_WORK INSTRUCTIONS_: Set down the data below in full and exactly, minus the pictures.

_SOURCE DATA_:
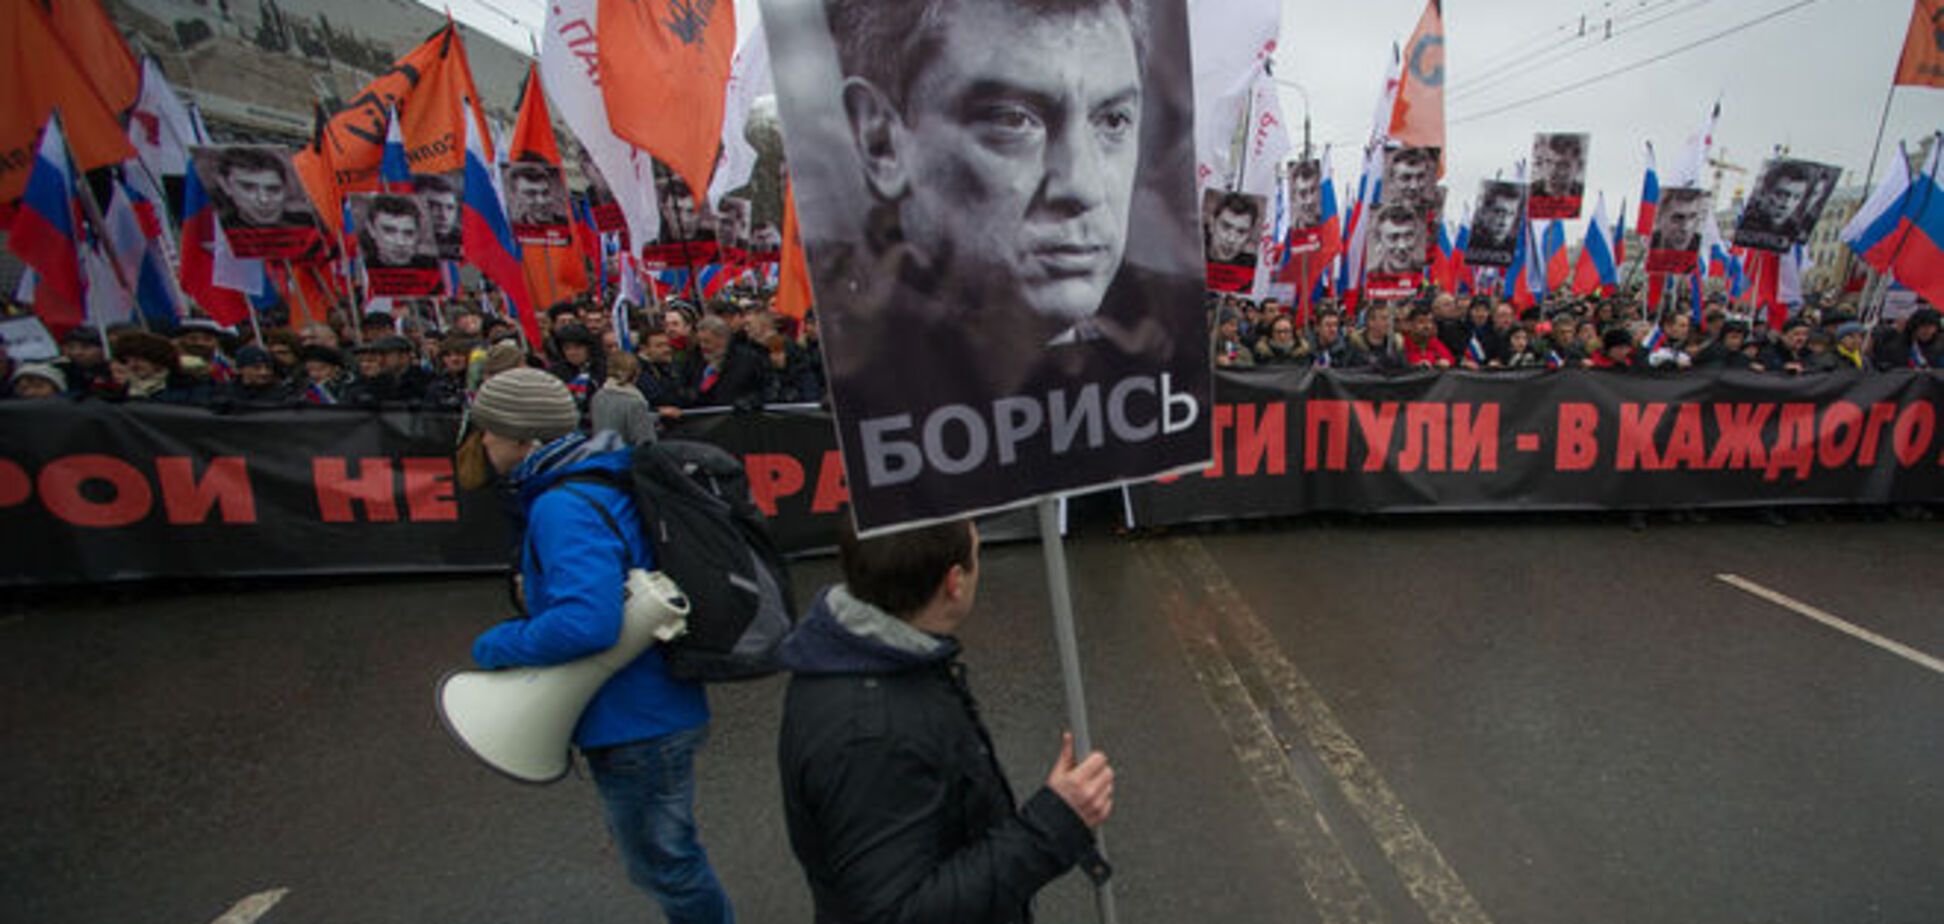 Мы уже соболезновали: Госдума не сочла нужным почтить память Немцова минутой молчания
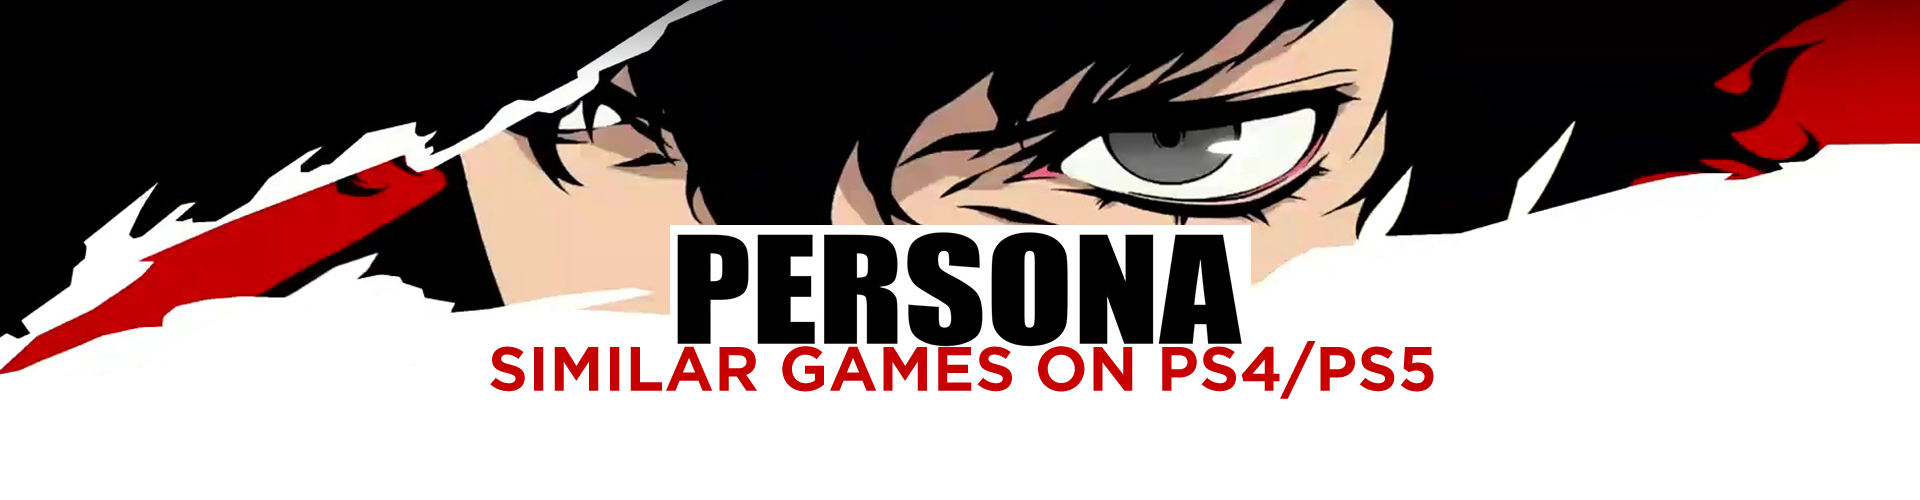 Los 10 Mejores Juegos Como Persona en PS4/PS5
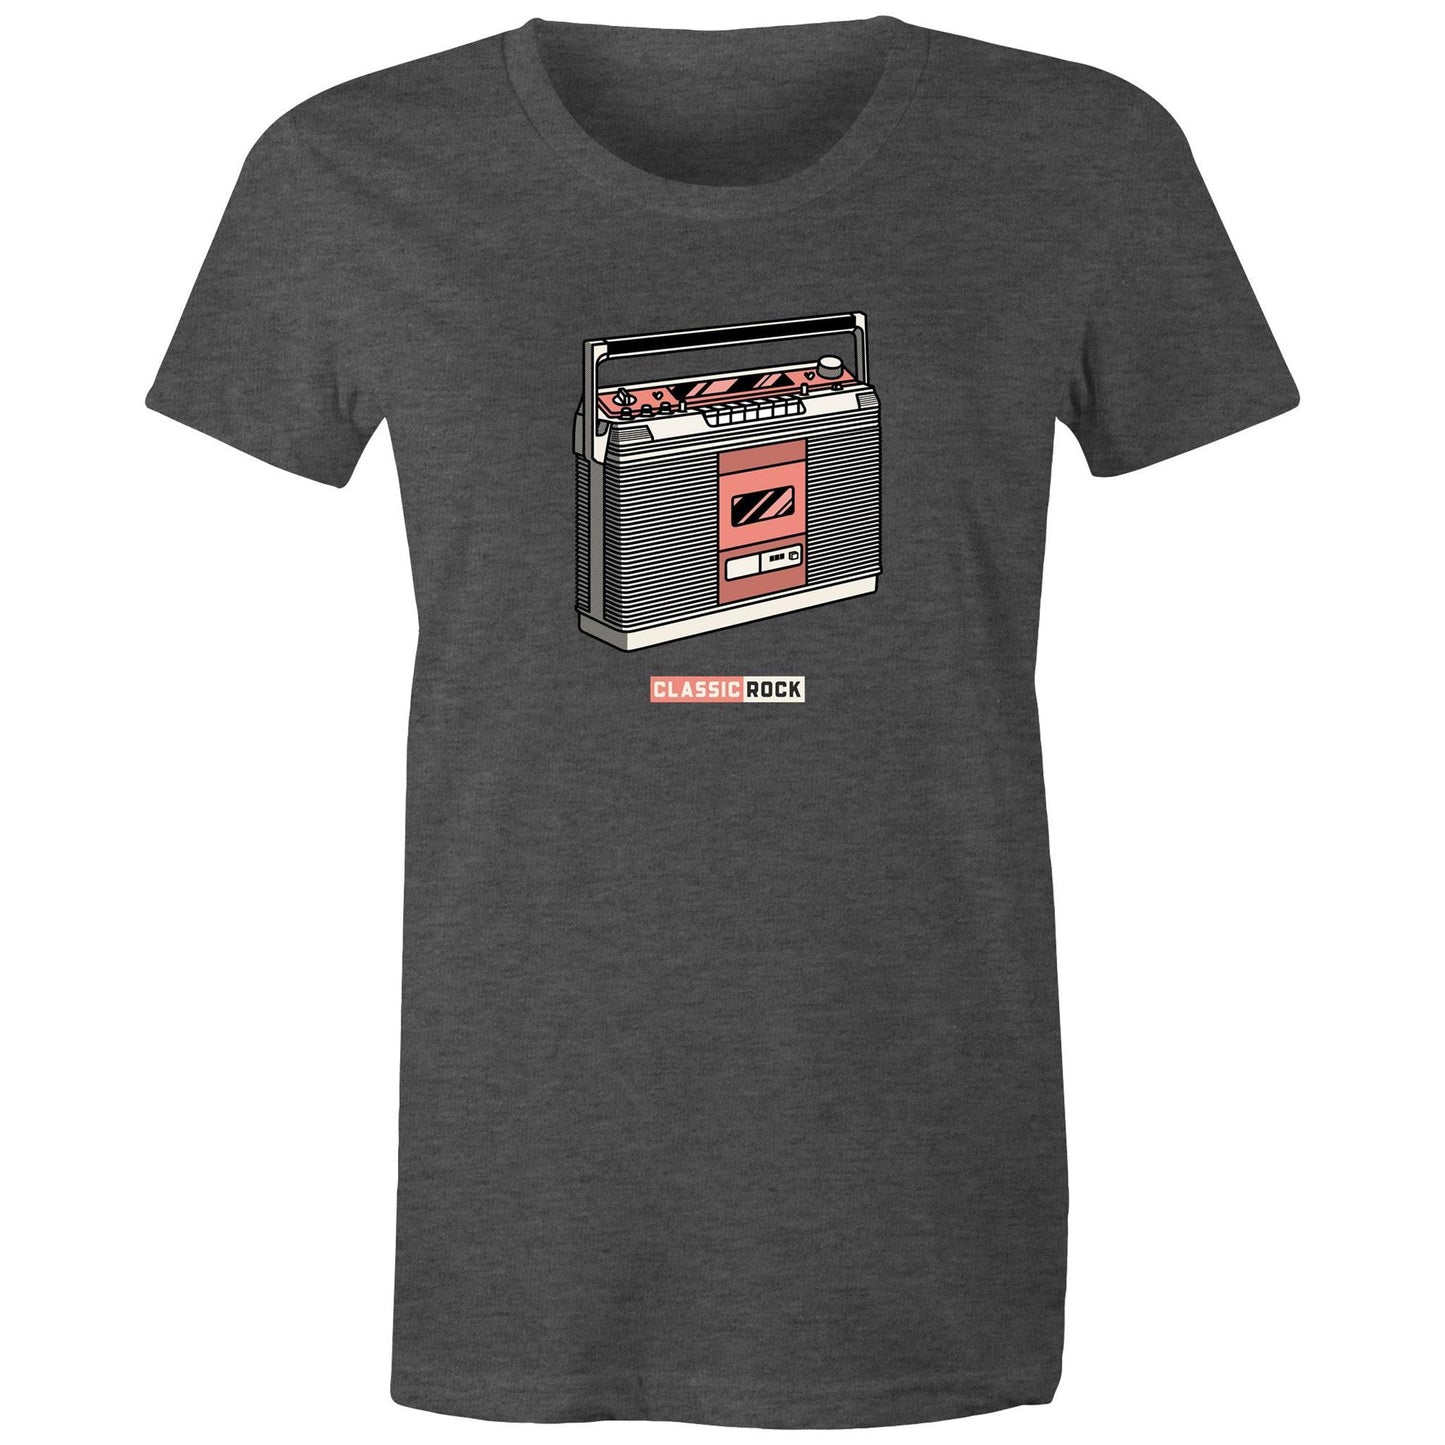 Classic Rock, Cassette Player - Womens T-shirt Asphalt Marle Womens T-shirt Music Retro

_RESPONSE BOX_:
 Мы уже соболезновали: Госдума не сочла нужным почтить память Немцова минутой молчания
 Los 10 Mejores Juegos Como Persona en PS4/PS5
 Classic Rock, Cassette Player - Womens T-shirt Asphalt Marle Womens T-shirt Music Retro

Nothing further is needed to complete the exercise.